Question

A circular platform is mounted on a frictionless vertical axle. If the radius R=2m and its moment of inertia about the axle is $200kg{m^2}$. It is initially at rest. A 50 kg man stands on the edge of the platform and begins to walk along the edge at the speed of $1m{s^{ - 1}}$ relative to the ground. Time taken by the man to complete one revolution is-
A. $\dfrac{{3\pi }}{2}s$
B. $2\pi s$
C. $\dfrac{\pi }{2}s$
D. $\pi s$

Answer 1

Hint: In the given question the system was initially at rest and no external torque acts on it. Thus the total angular momentum must be conserved. Additionally, using the relation between angular velocity and linear velocity we can find these terms. Finally, Speed is the ratio of distance traveled and time.

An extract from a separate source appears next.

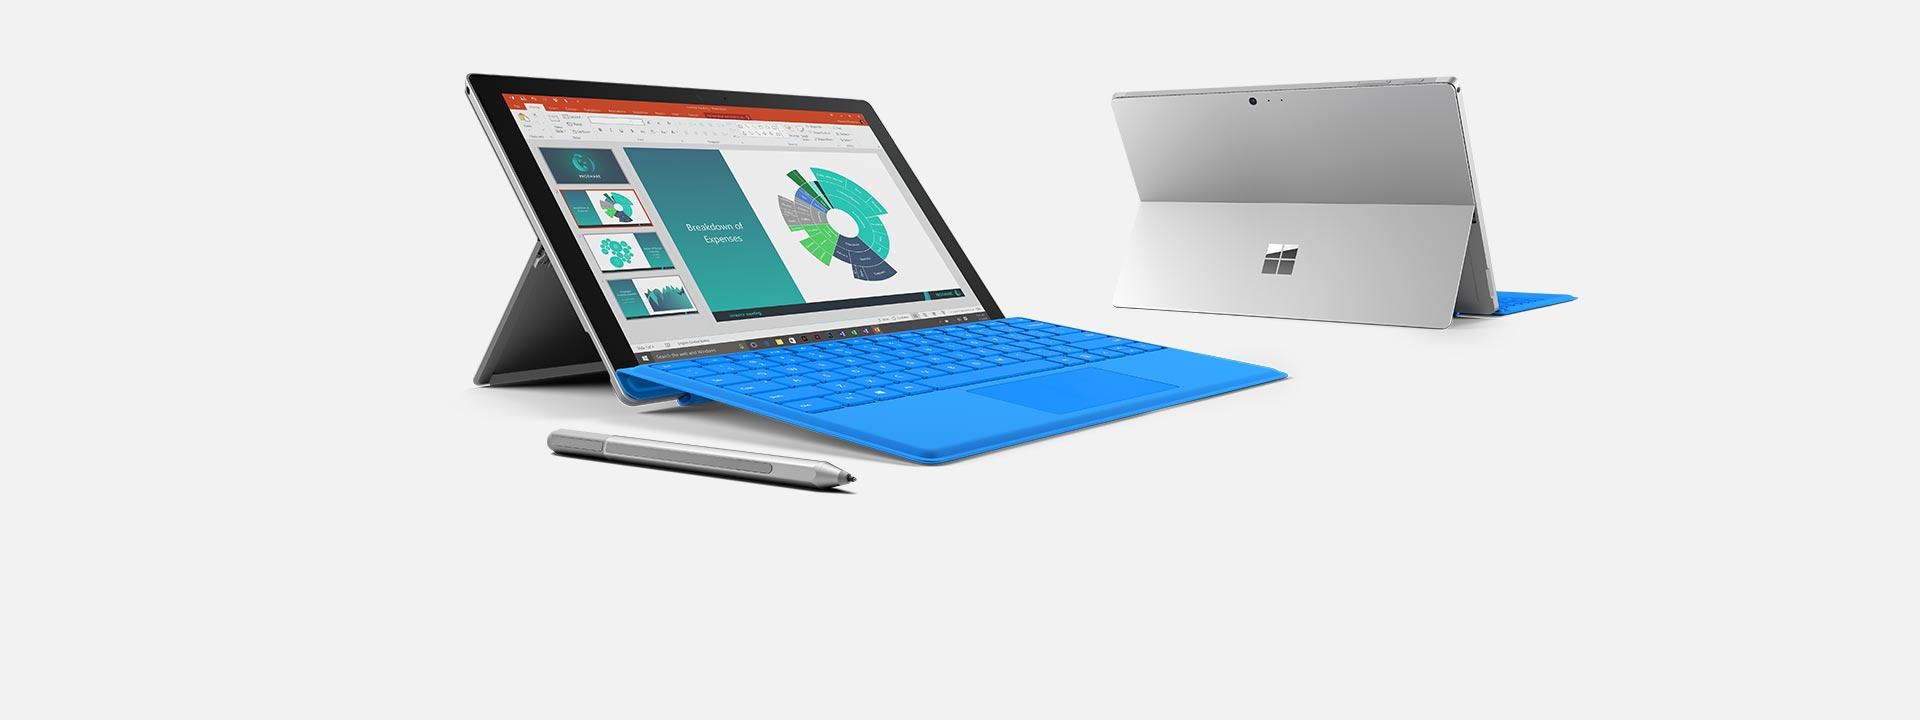 Ta reda på mer om Surface Pro 4-enheterna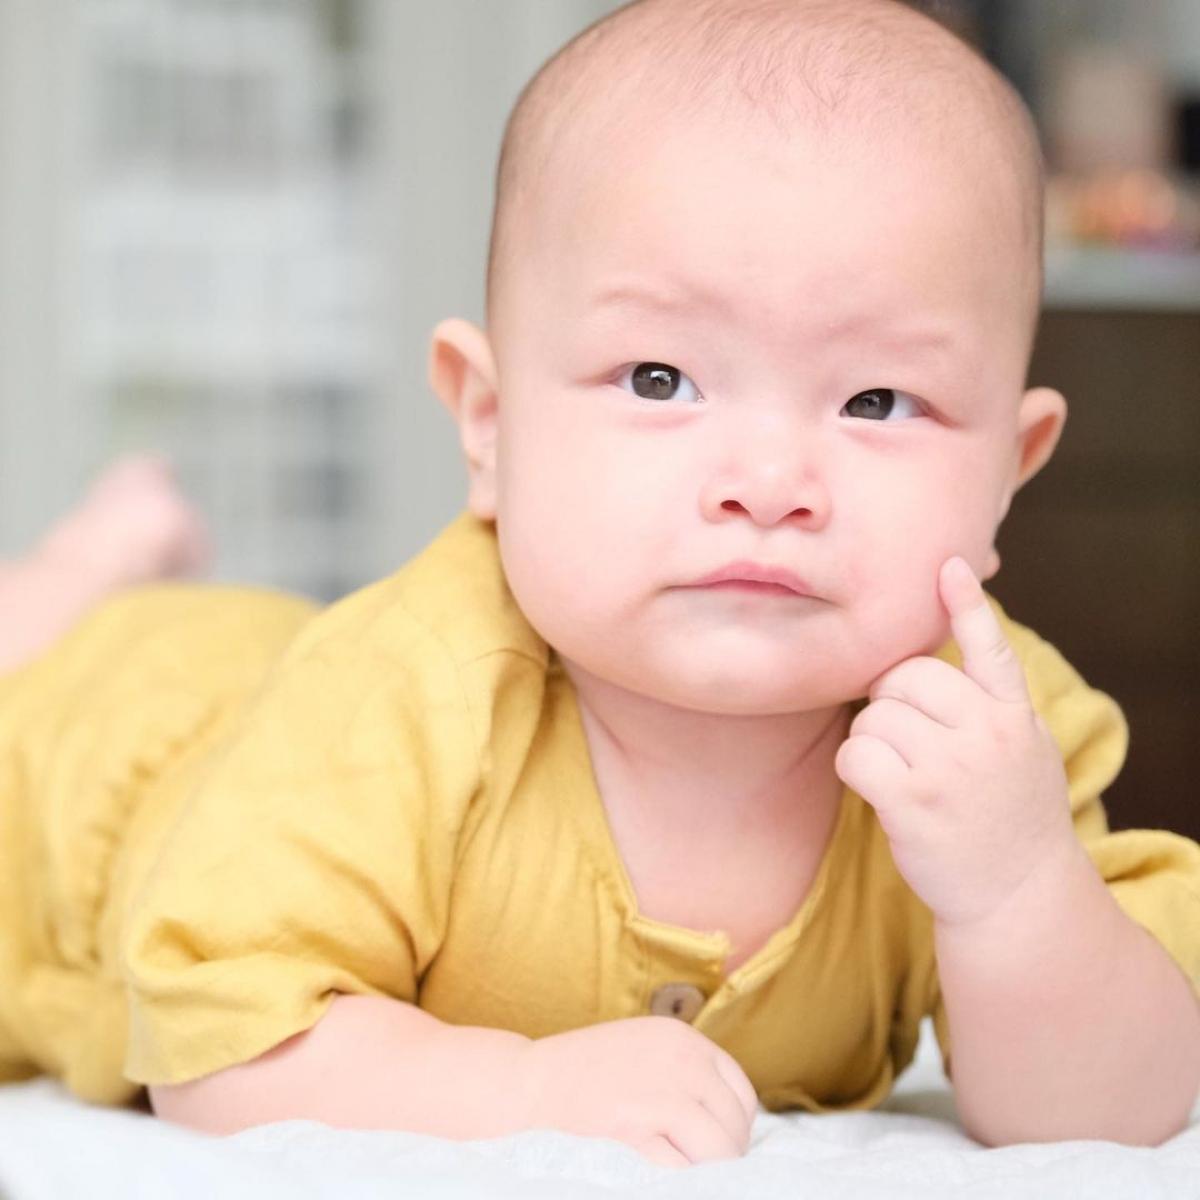 Còn bé Leon tuy mới mấy tháng tuổi nhưng đã bộc lộ cá tính vàkhí chất nam nhi.

So time will be the distance traveled over speed.

Formula Used:
\eqalign{ & \dfrac{{dL}}{{dt}} = {\tau _{ext}} \cr & {\text{where }}{\tau _{ext}}{\text{ is the external Torque on the system,}} \cr & L{\text{ is the angular momentum of the system}}{\text{.}} \cr}
\eqalign{ & {\text{ }}v = R\omega \cr & v{\text{ is the linear velocity,}} \cr & {\text{R is the radius of the platform,}} \cr & \omega {\text{ is the angular velocity of the platform}}{\text{.}} \cr}
\eqalign{ & {\text{Speed = }}\dfrac{{{\text{Distance}}}}{{{\text{Time}}}} \cr & \Rightarrow {\text{Time}} = \dfrac{{{\text{Distance}}}}{{{\text{Speed}}}} \cr}

Complete step by step answer:
Consider the given system of a circular platform mounted on a frictionless vertical axle, and a man of 50 kg walking along the edge of this platform with speed of $1m{s^{ - 1}}$, as shown below in the diagram:

Given:
The radius of the circular platform, R= 2m
Moment of Inertia of Circular platform, I=$200kg{m^2}$
Mass of the man, m=50 kg,
Speed of the man, $v = 1m{s^{ - 1}}$

Initially the entire system was at rest. And no external Torque is acting on the system.
i.e. ${\tau _{ext}} = 0$
But we know that:
\eqalign{ & \dfrac{{dL}}{{dt}} = {\tau _{ext}} \cr & {\text{where }}{\tau _{ext}}{\text{ is the external Torque on the system,}} \cr & L{\text{ is the angular momentum of the system}}{\text{.}} \cr}
So, if the total external torque on a system is zero, its angular momentum remains constant. In other words the angular momentum of the system is conserved.
Applying Law of conservation of angular momentum we get:
$m\left( v \right)\left( R \right) = I\omega$
Substituting the given values we get:
\eqalign{ & 50 \times 1 \times 2 = 200\omega \cr & \Rightarrow \omega = \dfrac{{100}}{{200}} \cr & \therefore \omega = 0.5{\text{ radians}} \cr}
Now the resultant angular velocity of the entire system will be the vector sum of the angular velocity of the man and the platform.
\eqalign{ & {\omega _R} = \dfrac{v}{R} - \omega {\text{ }}\left[ {{\text{Using }}v = R\omega } \right] \cr & \Rightarrow {\omega _R} = \dfrac{1}{2} - 0.5{\text{ radians}} \cr & \Rightarrow {\omega _R} = 0.5{\text{ radians}} \cr}
Now, the distance travelled is the circumference of the circular path i.e., ${\text{2}}\pi {\text{R}}$
But we know that:
\eqalign{ & {\text{Speed = }}\dfrac{{{\text{Distance}}}}{{{\text{Time}}}} \cr & \Rightarrow {\text{Time}} = \dfrac{{{\text{Distance}}}}{{{\text{Speed}}}} \cr}
Substituting values in the formula, we get:
\eqalign{ & {\text{Time,}}T = \dfrac{{2\pi R}}{{\omega R}} \cr & \Rightarrow T = \dfrac{{2\pi }}{\omega } \cr & \therefore T = 2\pi \sec \cr}
Therefore, the correct option is B. i.e., $2\pi s$.

Note: Angular momentum is a physical quantity that comes into action for a rotating body only. Mathematically, it is the product of the magnitude of the linear momentum of the body and the perpendicular distance from the axis of rotation.